Among the book titles are:

Accelerated Zen Buddhism: How to Win at the Hereafter
Achieve and Maintain a More Powerful Delusion
Anxiety: The Unexploited Weight Loss Tool
Artistic Mammography
Back to Nature: The Notes of Marie Antoinette
Biblical Family Values
Cachet: What It Is & How to Get It
Close But Not Close Enough: The Case for Primate Experimentation
Craft Your Way to Mental Health
The Death of Painting
The Eco-Tourist's Guide to Las Vegas
Foreclosure Etiquette
Freedom from Rigor & Competence
Great Biceps: In 20 to Life
Great Golf Courses of the World
A Guide to Box Wines
Help Me Make Up My Mind, Lord
The High Fiber Diet
A History of Genital Warts
Hormones and Behavior
Hot Buttered Cop Porn
How to Dominate Women
If God Loves Me, Why Am I Living in My Van?
If God Loves Me, Why Do I Need a Vibrator?
The Jesus Workout
Jet-Skiing Mother Ganges
The Joy of Pickling
Just Ask God: Washboard Abs for Life
Kindle: The Missing Manual
Leadership and You
Liposuction of the Jowls
Militant Feminist Veganism for All
Narcissism and You
Nutritainment
Perfect Poultry: Best Recipes from the Audubon Silver Circle Club
Premature Articulation
A Quotidian Guide to the Basics
Rekindling your Passion for What Might Have Been
Rethinking the Koran
Something Awesome Is Coming Your Way
String Theory
Torture Preparedness
Tough Love and your Elderly Parents
The Triumph of Minimalism
Yosemite: Observations from Behind the Wheel
The Way Things Work: Build Your Own Guillotine
What Would Satan Eat?
When to Tell Your Husband He's Adopted
Who's Who in American Pre-Schools
Who's Who in American Prisons
Who's Who in the Multiverse
Yes, Yes, Yes!
Yoga and Stress Reduction
Your Soul: Fixer Upper or Teardown?

Exhibitions
Lowe has exhibited in both New York and Los Angeles. She participated in the 1994 exhibition Bad Girls West. In 1995 she collaborated on the installation Bull Story with artist Kim MacConnel.

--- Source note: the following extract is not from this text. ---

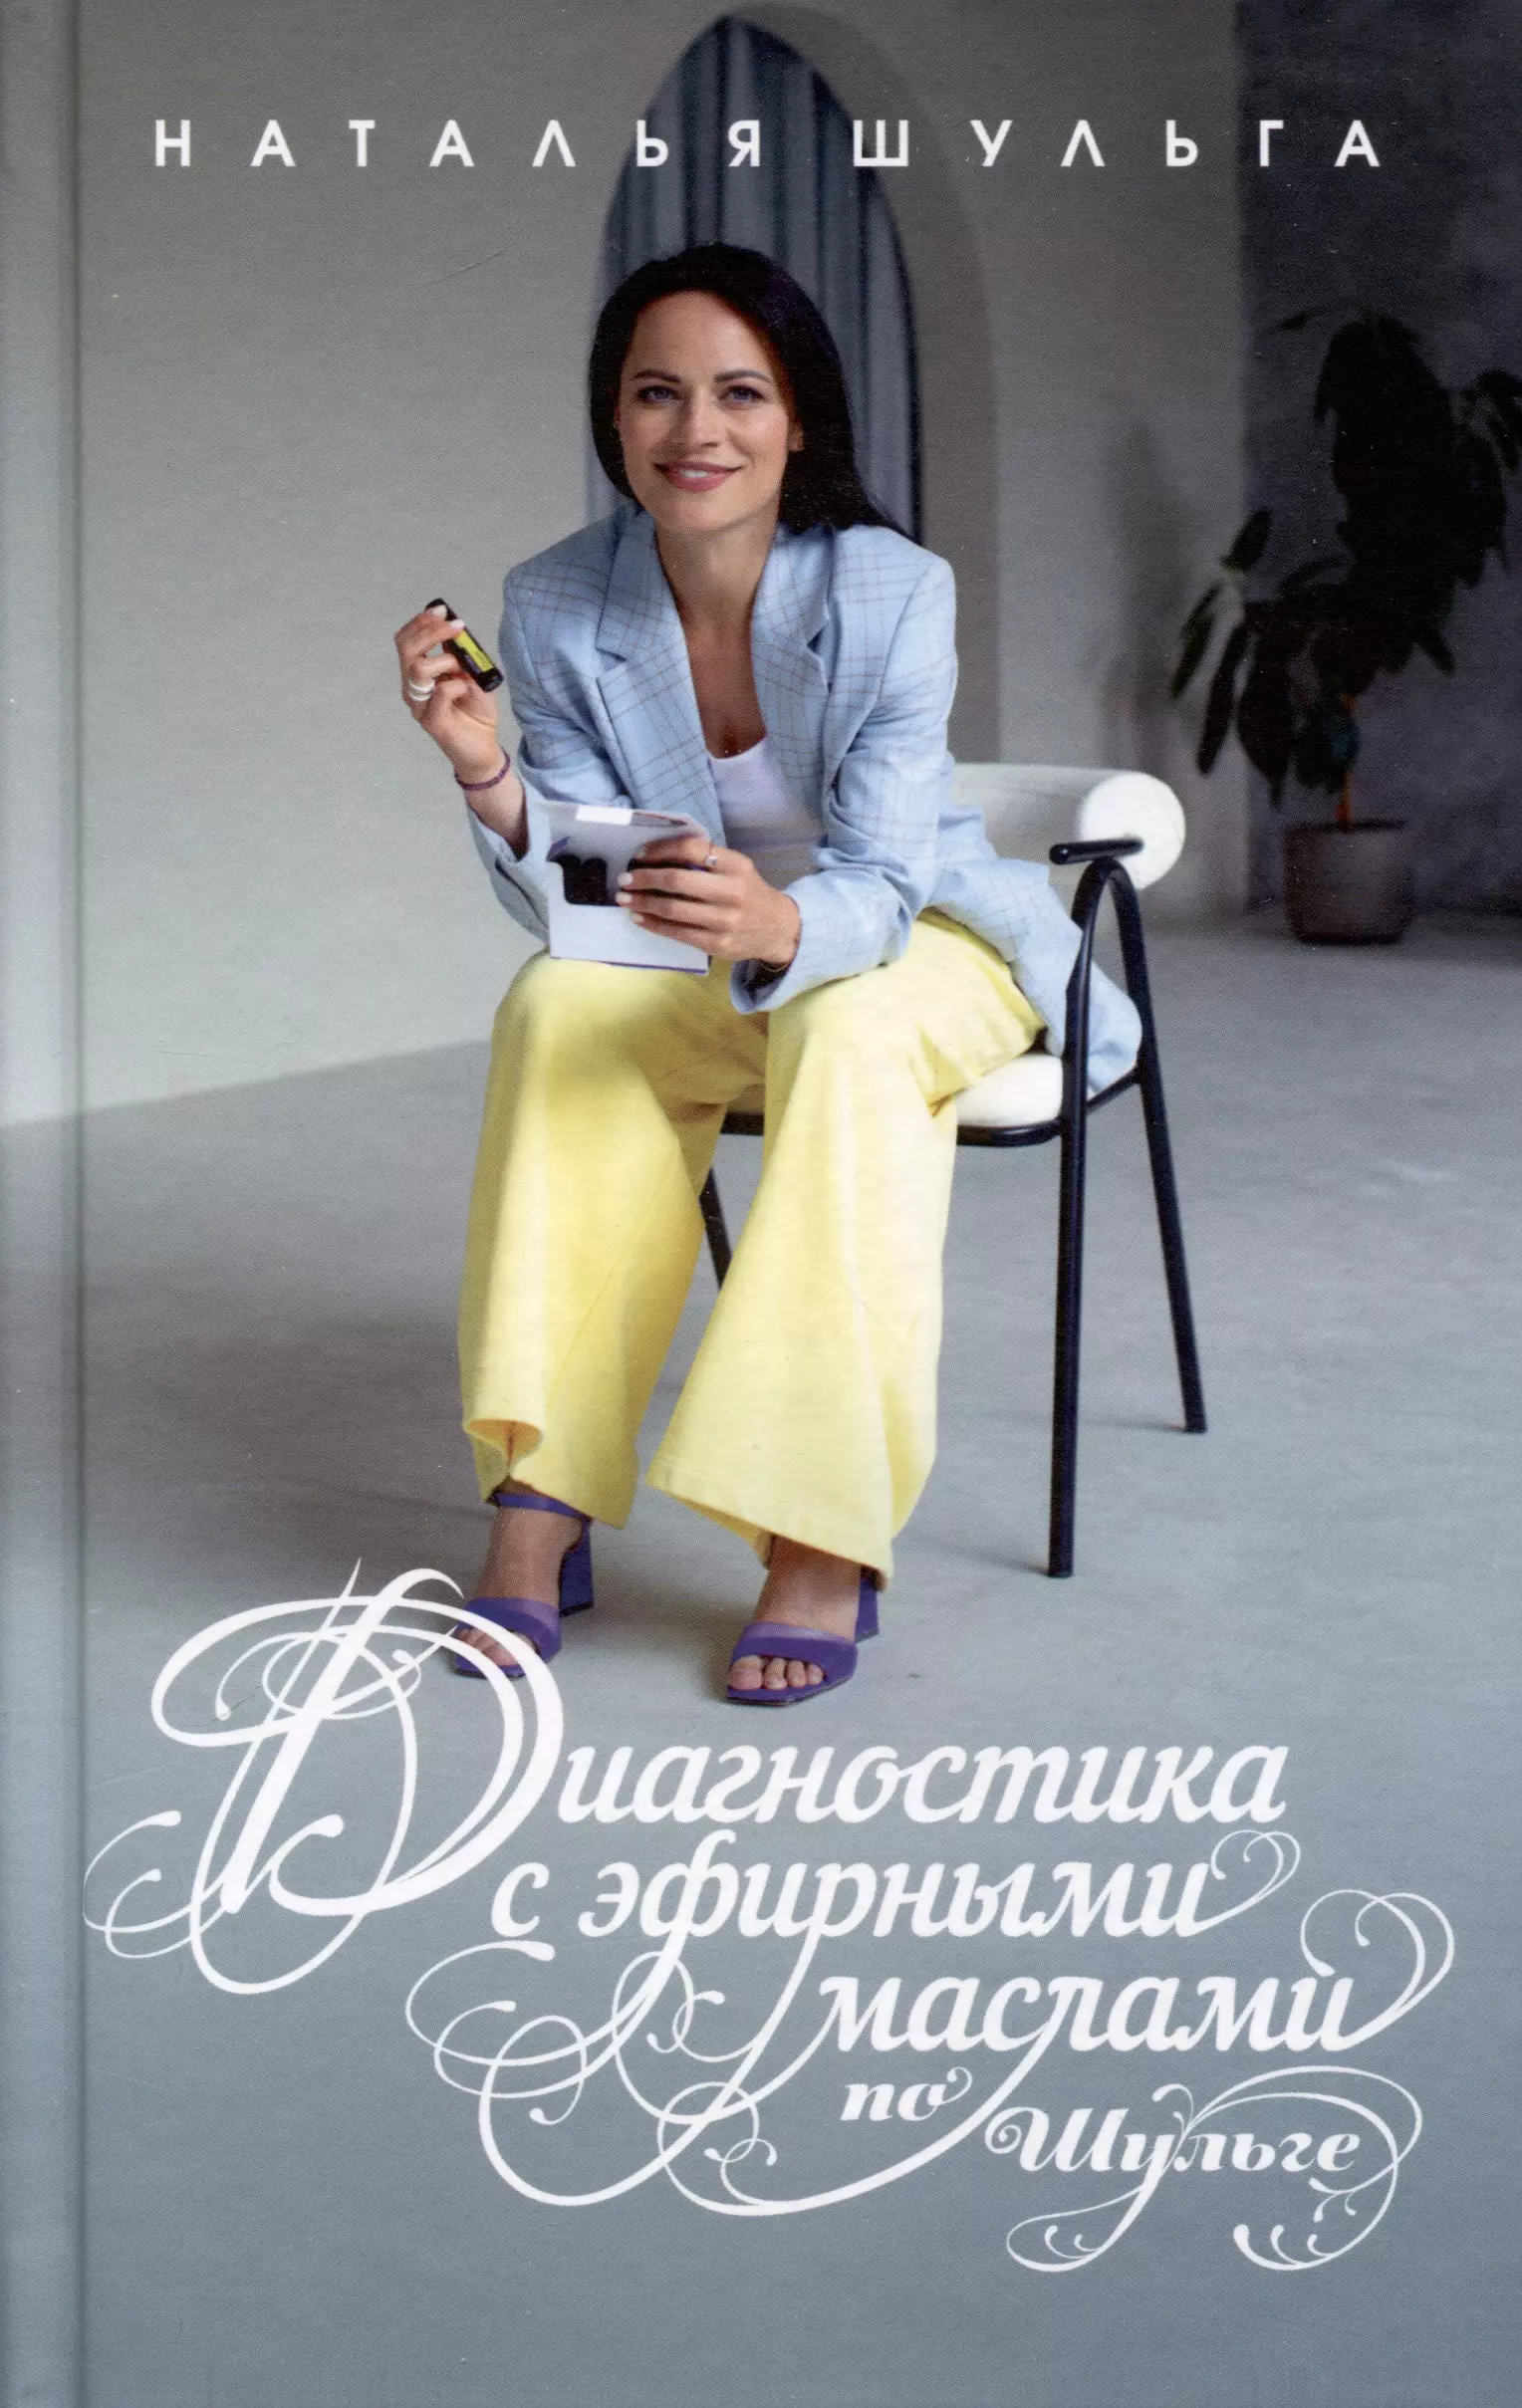 Шульга Наталья Диагностика с эфирными маслами по Шульге шульга наталья ароматерапия по шульге

Lowe's 2012 exhibition Hey Sexy! blended foregrounds depicting imagery from consumer culture with baroque decor backgrounds of the 17th, 18th, and 19th centuries. The exhibition incorporated sculptural objects such as tissue boxes, cases of beer, and a store where sculptural recreations of commodities are sold.

Lowe's work frequently employs satire. In a review of her 2014 exhibition at Rosamund Felsen Gallery, Leah Ollman of the Los Angeles Times wrote that she "stabs satirically at broad-scale practices of deception, as well as personal patterns of self-deception."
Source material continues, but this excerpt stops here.